═══ DATASET CONTENT
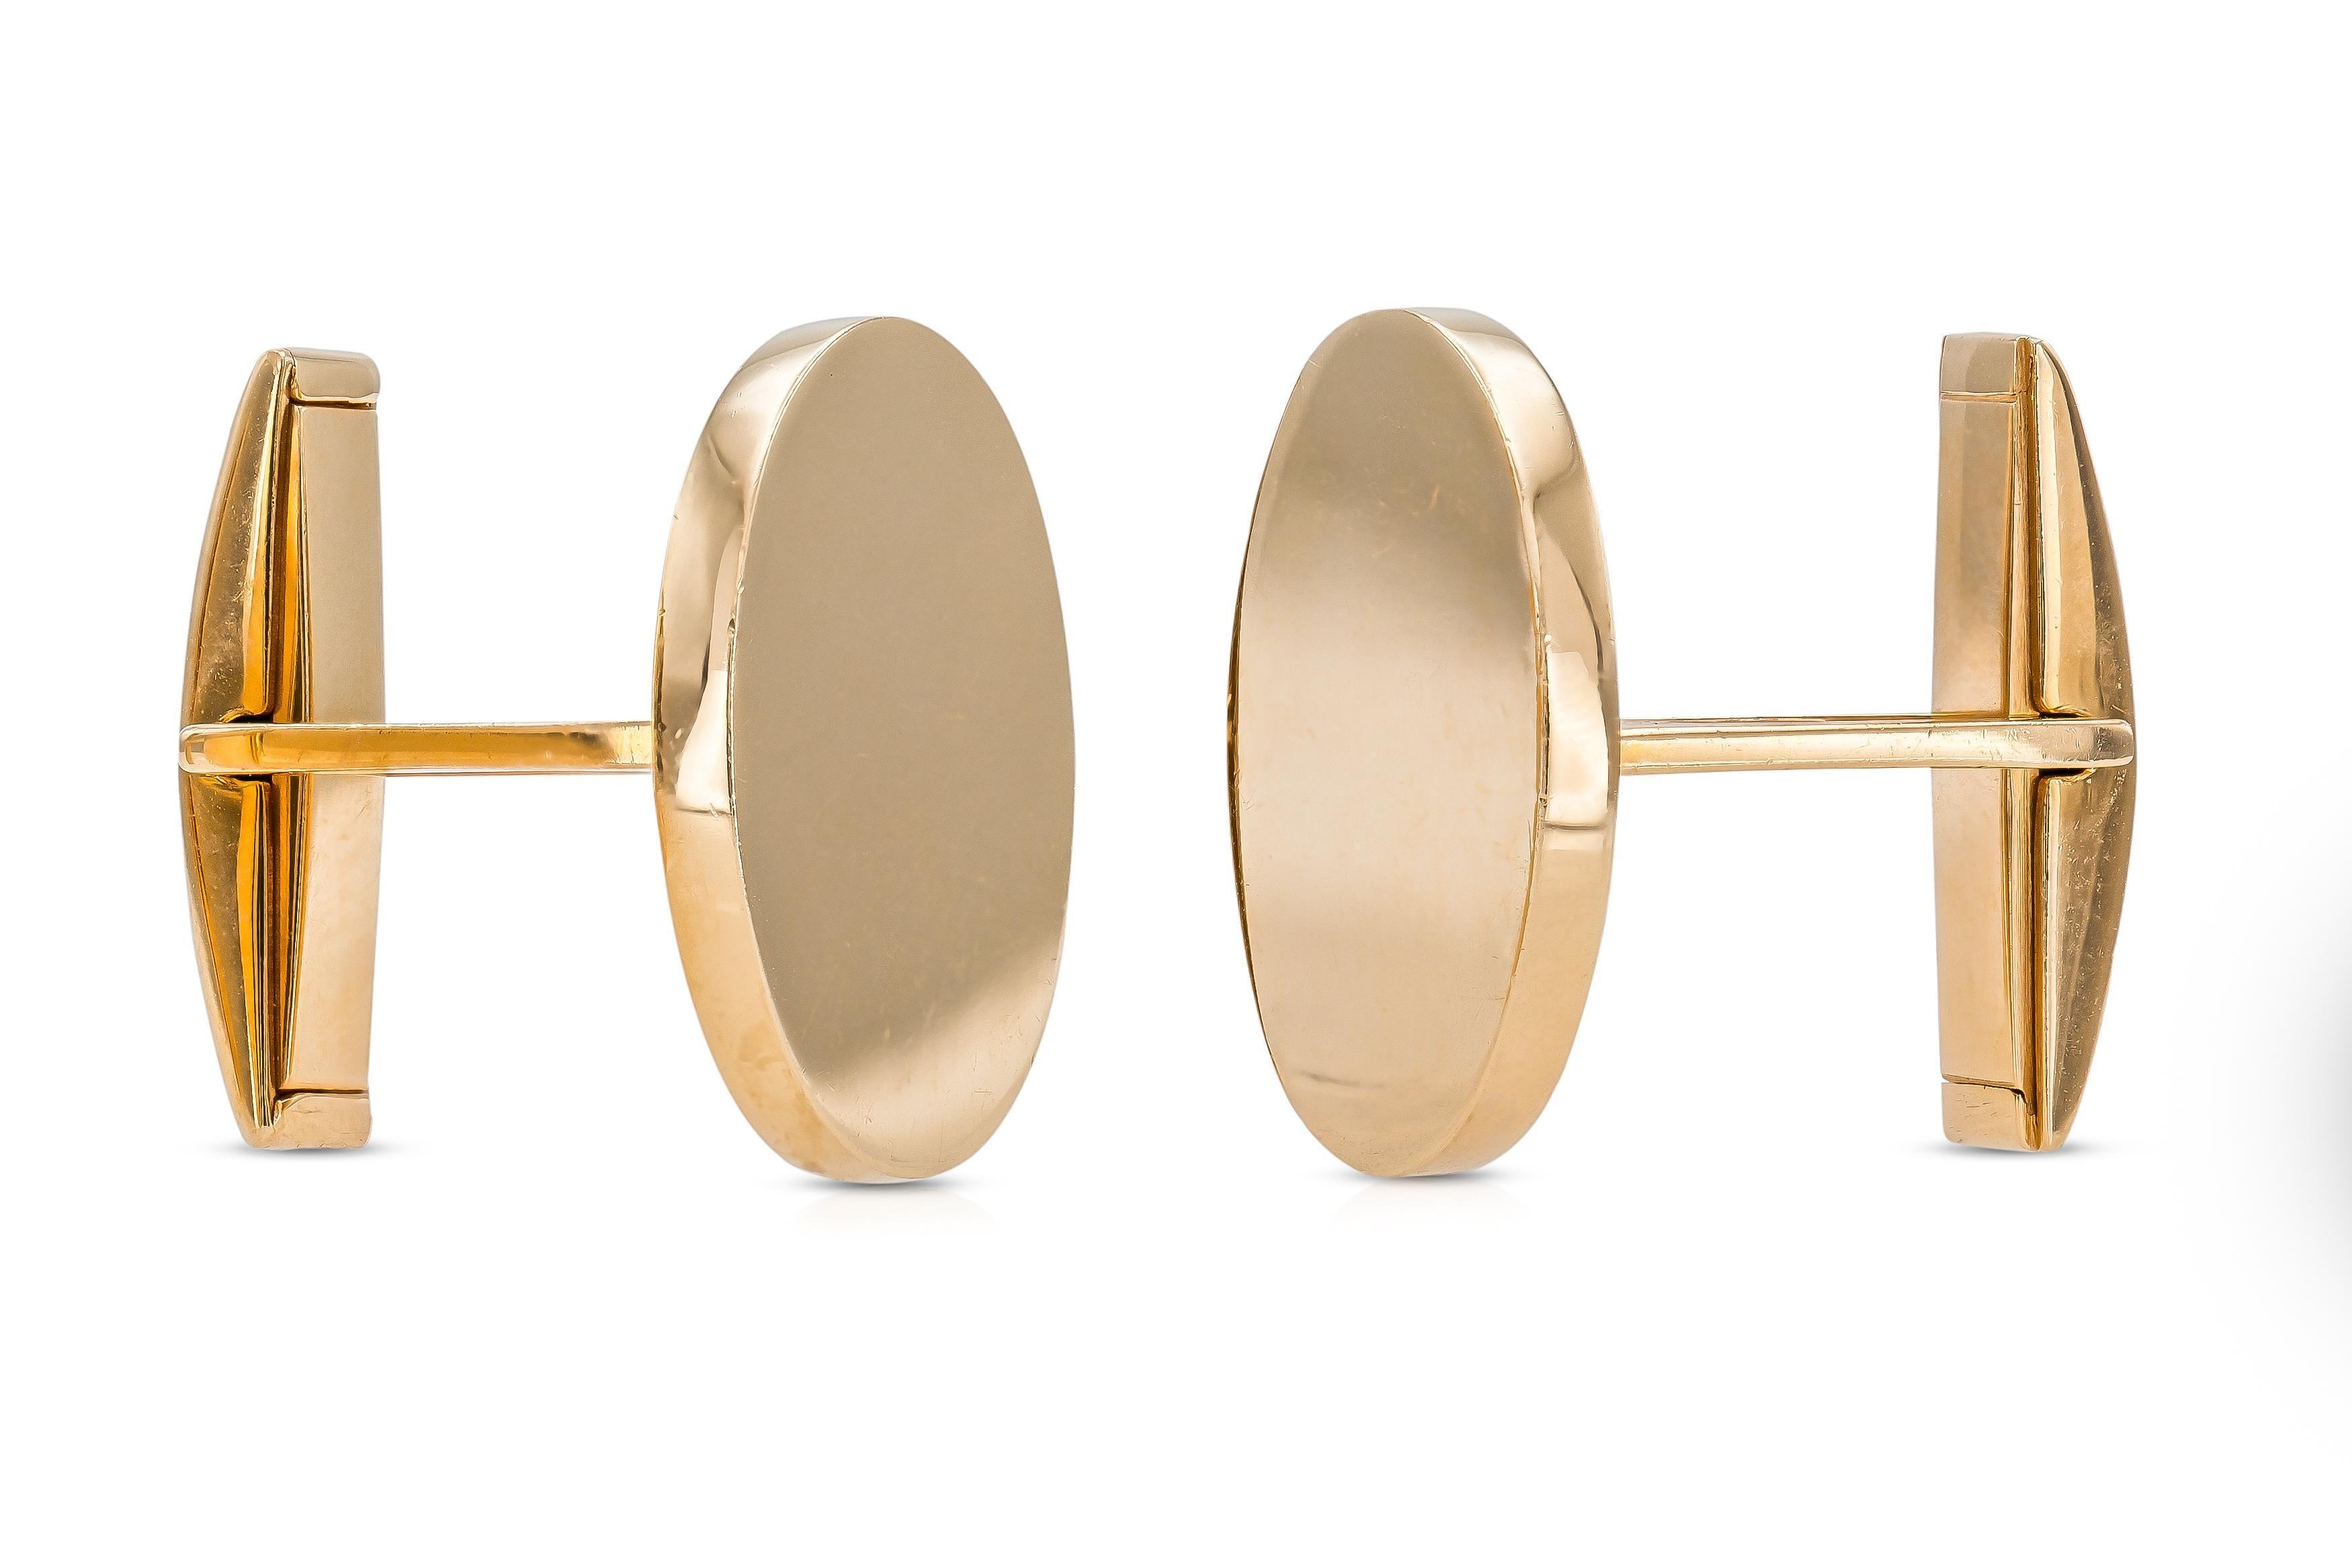 Vintage 1960s Gold Cufflinks In Good Condition For Sale In New York, NY
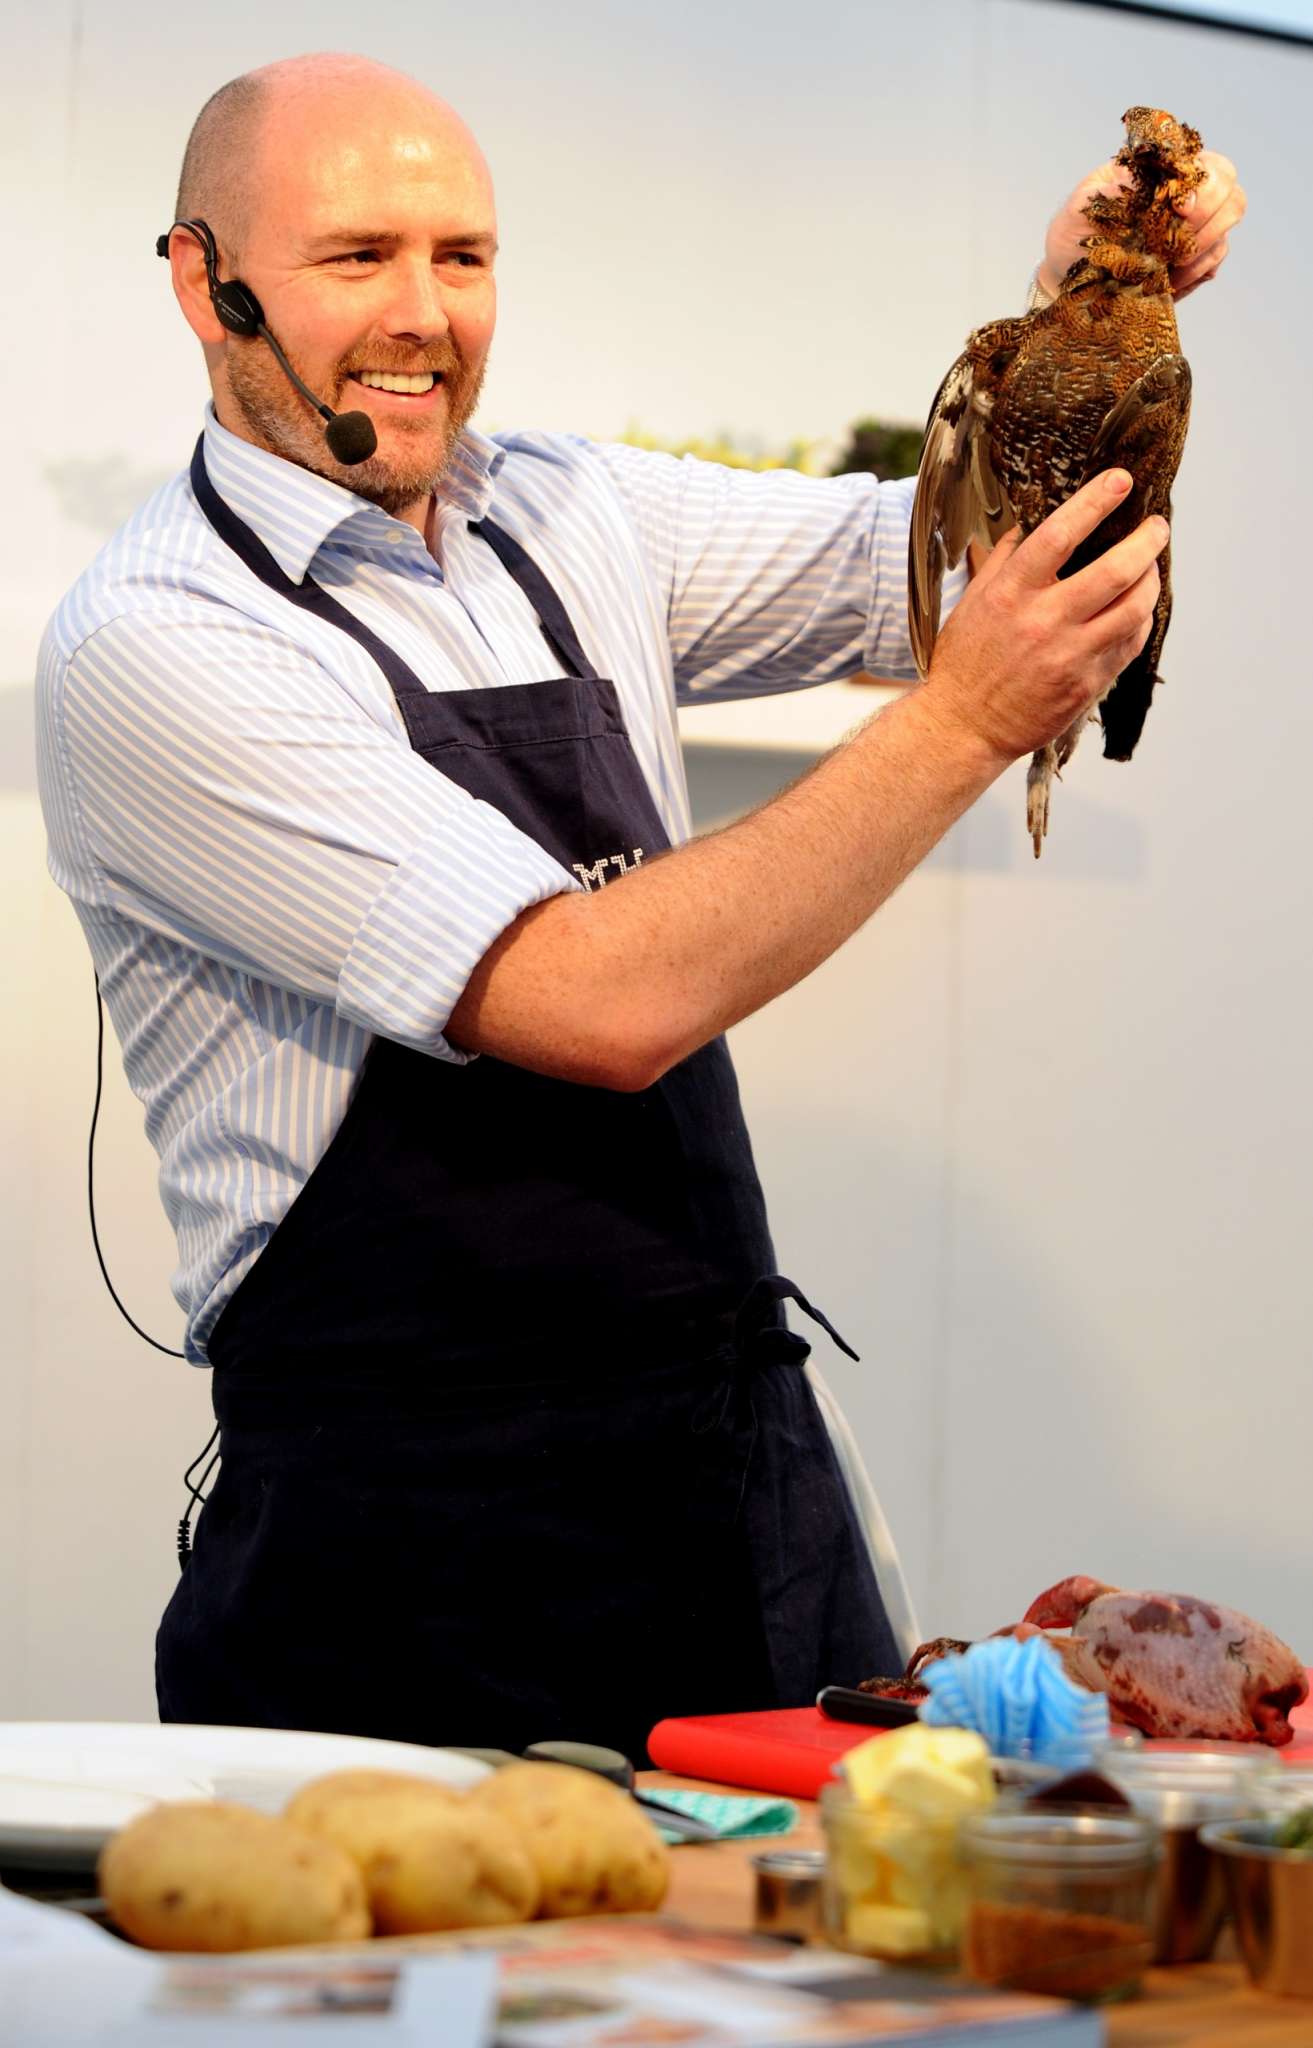 The annual Bolton Food and Drink festival drew in a large crowd this Sunday where revellers soaked up the atmosphere. Star attractions on the day were chefs John Torode of Masterchef fame and Aiden Byrne from the Manchester House restaurant. Chef Aiden Byrne gives a demo on how to cook Grouse. Picture by Paul Heyes, Sunday August 24, 2014.
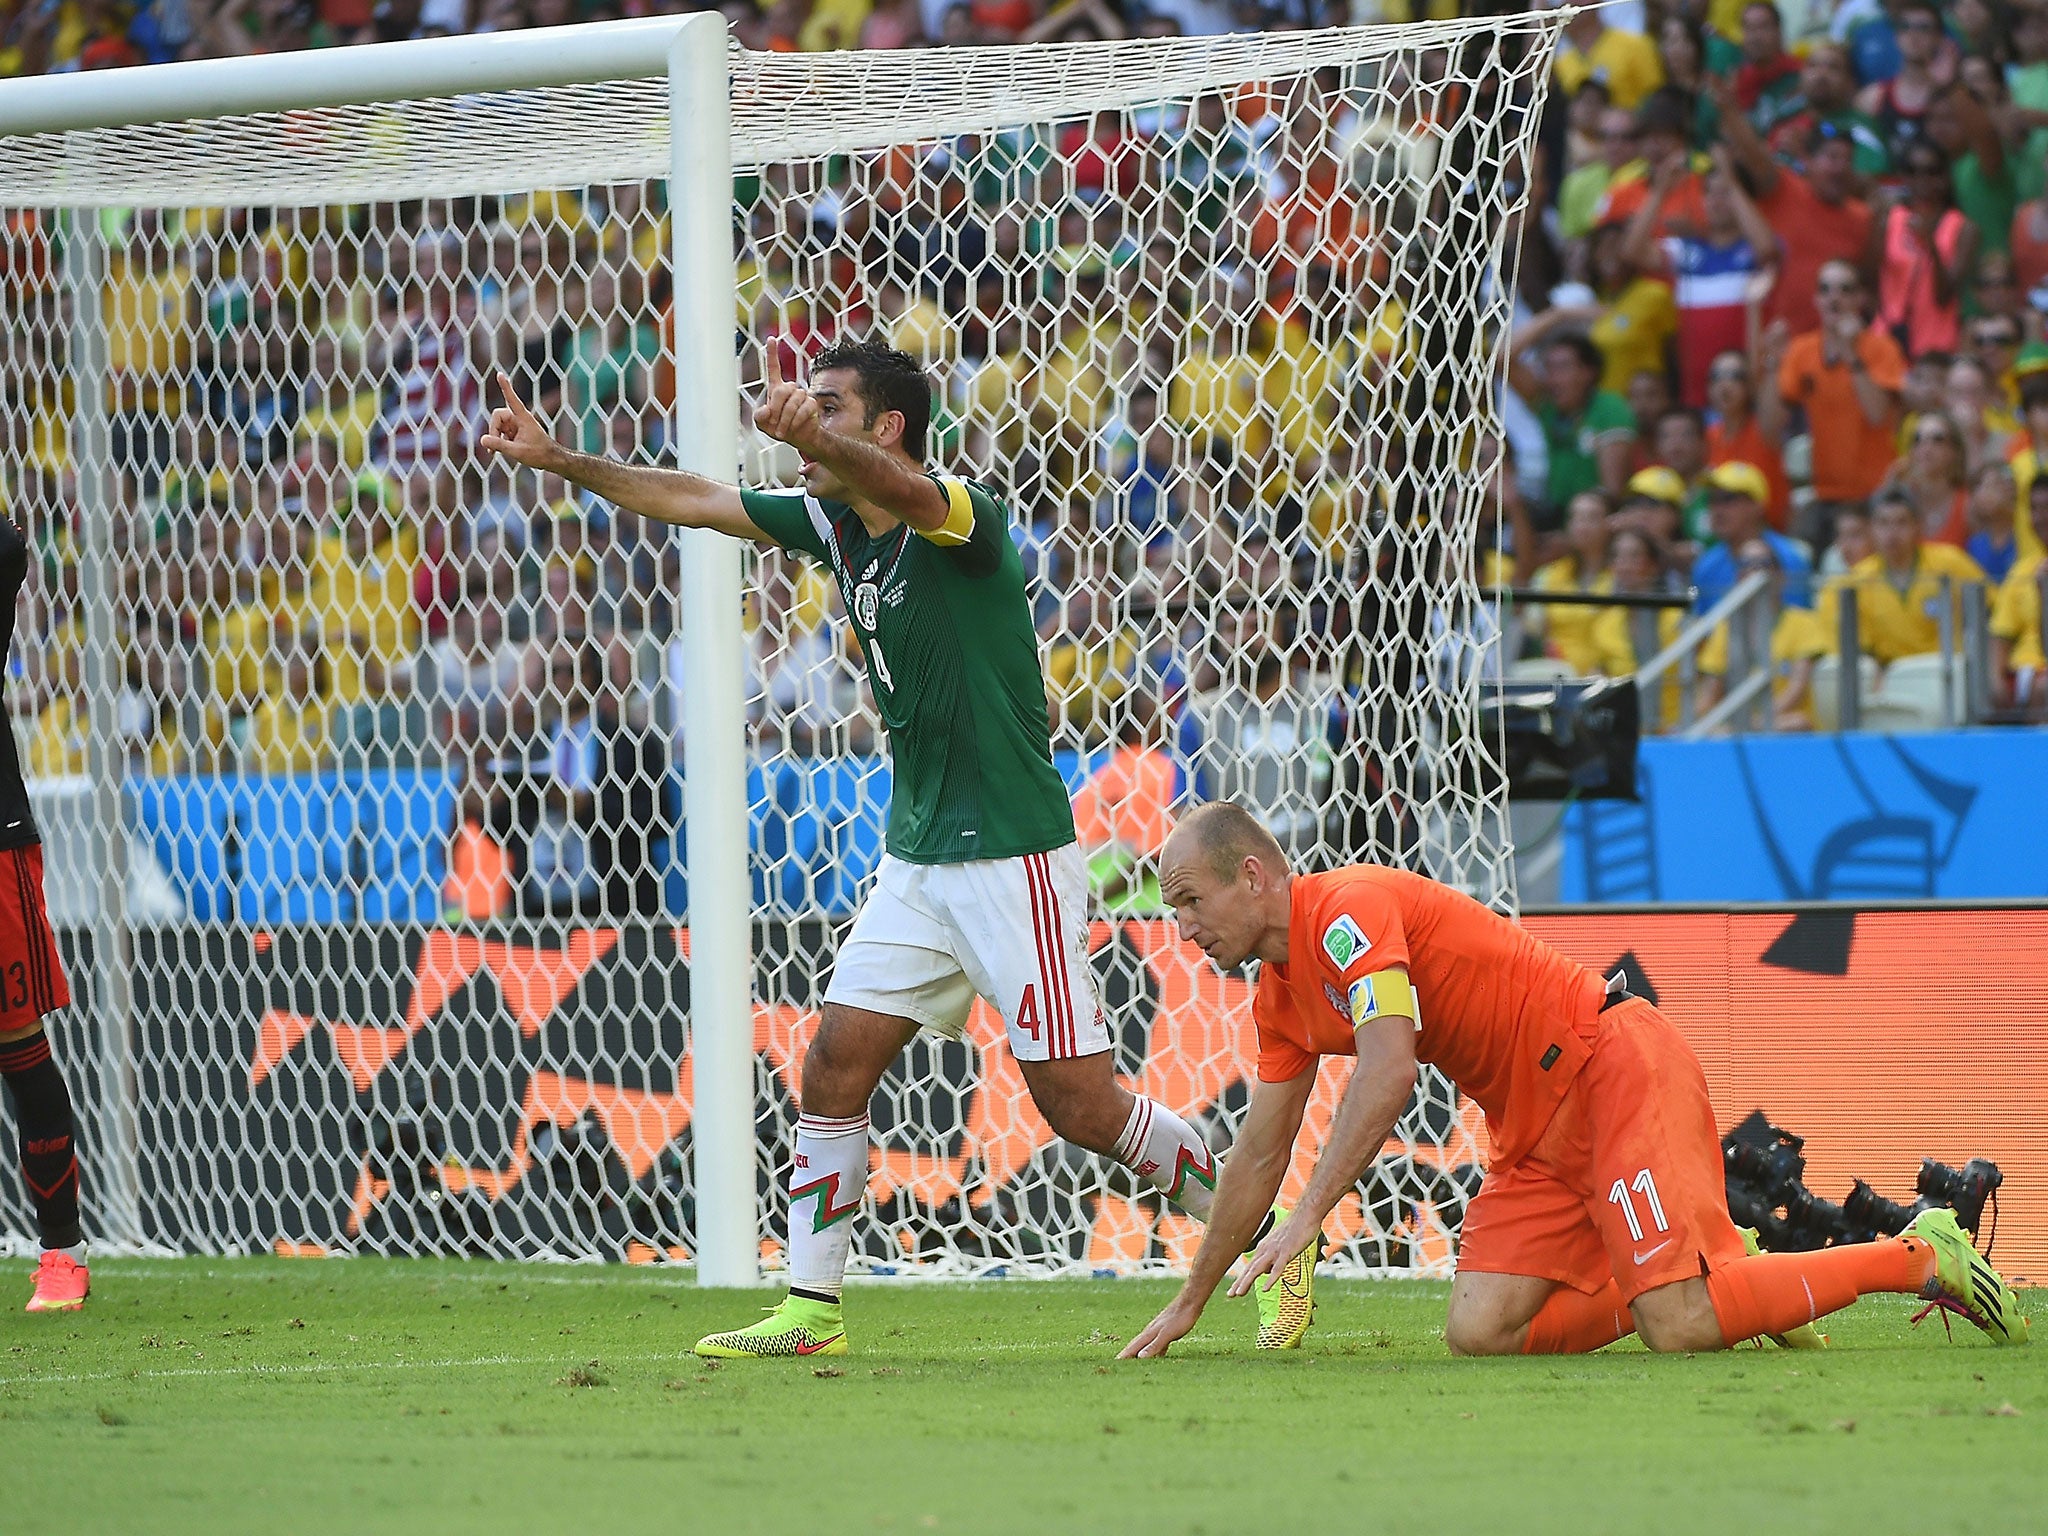 Arjen Robben won a controversial late penalty as the Netherlands beat Mexico in Fortaleza
══════
▶ [WORK TO COMPLETE]
From the top of the listing above, repeat each line exactly until you reach the line containing "The annual Bolton", and repeat that one too. Leave the pictures out.

▶ [WRITTEN RESPONSE]
 Vintage 1960s Gold Cufflinks In Good Condition For Sale In New York, NY
 The annual Bolton Food and Drink festival drew in a large crowd this Sunday where revellers soaked up the atmosphere. Star attractions on the day were chefs John Torode of Masterchef fame and Aiden Byrne from the Manchester House restaurant. Chef Aiden Byrne gives a demo on how to cook Grouse. Picture by Paul Heyes, Sunday August 24, 2014.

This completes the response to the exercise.